A friend and I are going to having a Day Of Enjoyment next month and we both enjoy good food. We'll be going out for lunch and/or dinner. Budget is probably about £40 a head including drinks, could be stretched a bit. Happy to look at lunch deals. We like classic British/French/Italian food, seafood, good service. Am open to other cuisines. My favourite restaurants include Le Gavroche (too pricey for this though), Clos Maggiore, Toku, J Sheekeys.

Go!


----------



## colacubes (Sep 4, 2011)

La Poule au Pot? http://www.pouleaupot.co.uk/

Only been there the once a few years ago (my then boss was buying), but was the best French food I've had outside France


----------



## mrsfran (Sep 4, 2011)

Oh I LOVE Poule au Pot! I can't believe I forgot to mention it. It's my go-to restaurant for birthdays/anniversaries etc. But this time I'd like to try something new.


----------



## ethel (Sep 4, 2011)

polpo or da polpo.

or bob bob ricard. they have a "press here for champagne" button!


----------



## mrsfran (Sep 4, 2011)

I've been to Polpo. It was nice, but... eh.

Bob Bob Ricard looks interesting though, that's going on the list.


----------



## Xanadu (Sep 4, 2011)

mrsfran said:


> A friend and I are going to having a Day Of Enjoyment next month and we both enjoy good food. We'll be going out for lunch and/or dinner. Budget is probably about £40 a head including drinks, could be stretched a bit. Happy to look at lunch deals. We like classic British/French/Italian food, seafood, good service. Am open to other cuisines. My favourite restaurants include Le Gavroche (too pricey for this though), Clos Maggiore, Toku, J Sheekeys.
> 
> Go!



I went to Cote on Wardour Street the other day and was impressed. Three course meal for 2 including a bottle of wine (a £30 bottle of Sancerre) was around £75 IIRC.

Also worth checking out Shampers on Kingly Street. I've had many good meals there.

I wandered past The Chiswell Dining Rooms - they're related to The Gun and other very good gastropubs. You might be pushing the budget a bit there, but have a google at the menu


----------



## Maurice Picarda (Sep 4, 2011)

Viajante?


----------



## spanglechick (Sep 5, 2011)

can't remember the exact price, but Launceston Place was foodgasm time.  uttter joy.  it might have its star by now, but if not it may be in your price range...


----------



## Ms T (Sep 5, 2011)

Launceston Place is lovely and has a good lunch deal. I really liked Medlar on the King's Road, but it's a bit out of the way (it's a bus ride away from the tube). I also have a soft spot for Andrew Edmunds in Soho but haven't been there for ages.  Have you been to Wild Honey?  Good lunch deal there.  Finally, for modern British, the Bull & Last in Kentish Town is excellent (it's a gastropub though), ditto The Harwood Arms.  And foodie friends rave about The Ledbury.  Both of the last two now have Michelin stars.  As does Wild Honey.

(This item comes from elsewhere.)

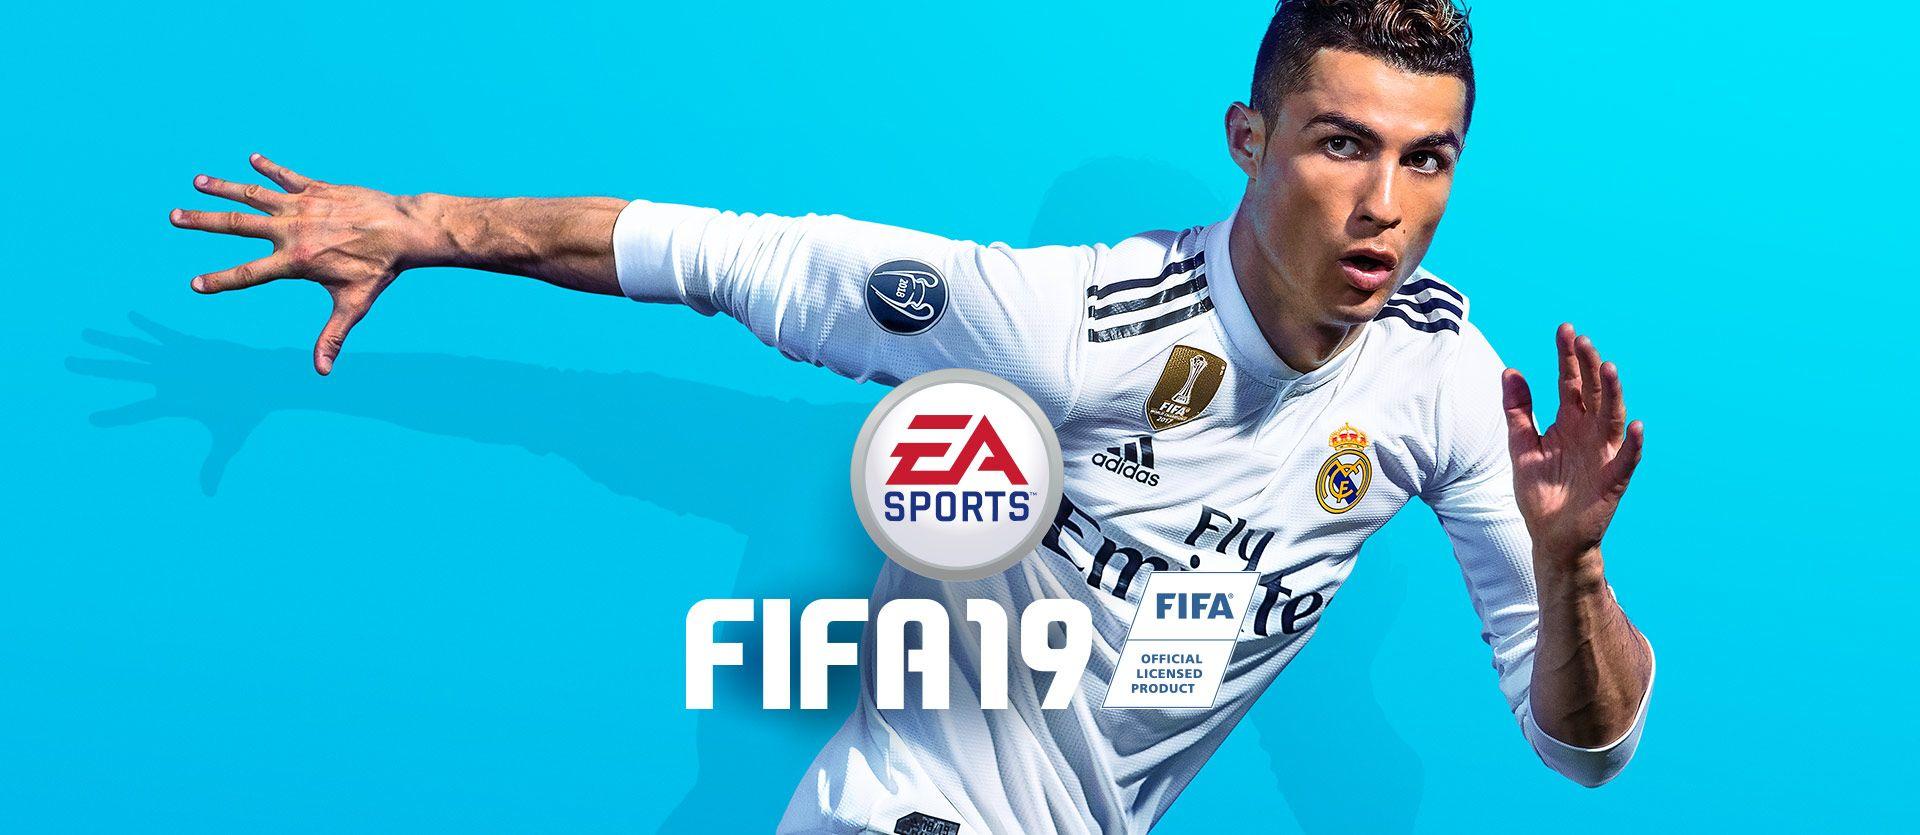 EA Sports FIFA 19، Cristiano Ronaldo running Ps4 games

Viajante is more expensive than your budget, but there's another, cheaper restaurant that you can't book (which is annoying, but there you go).


----------



## paulhackett (Sep 5, 2011)

mrsfran said:


> Oh I LOVE Poule au Pot! I can't believe I forgot to mention it. It's my go-to restaurant for birthdays/anniversaries etc. But this time I'd like to try something new.



What about its' sister - Maggie Jones? http://www.maggie-jones.co.uk/


----------



## Ted Striker (Sep 5, 2011)

If you're into your fish, then I've not been to anywhere (inc Sheekeys) in London that beat Aldo Zilli's. And I seem to remember being very pleasantly surprised (shocked, tbf, such was it's fine-ness!) at the price.


----------



## mrsfran (Sep 5, 2011)

Viajante looks interesting, Maggie Jones too although that's not quite central. Launceston Place is certainly in the running.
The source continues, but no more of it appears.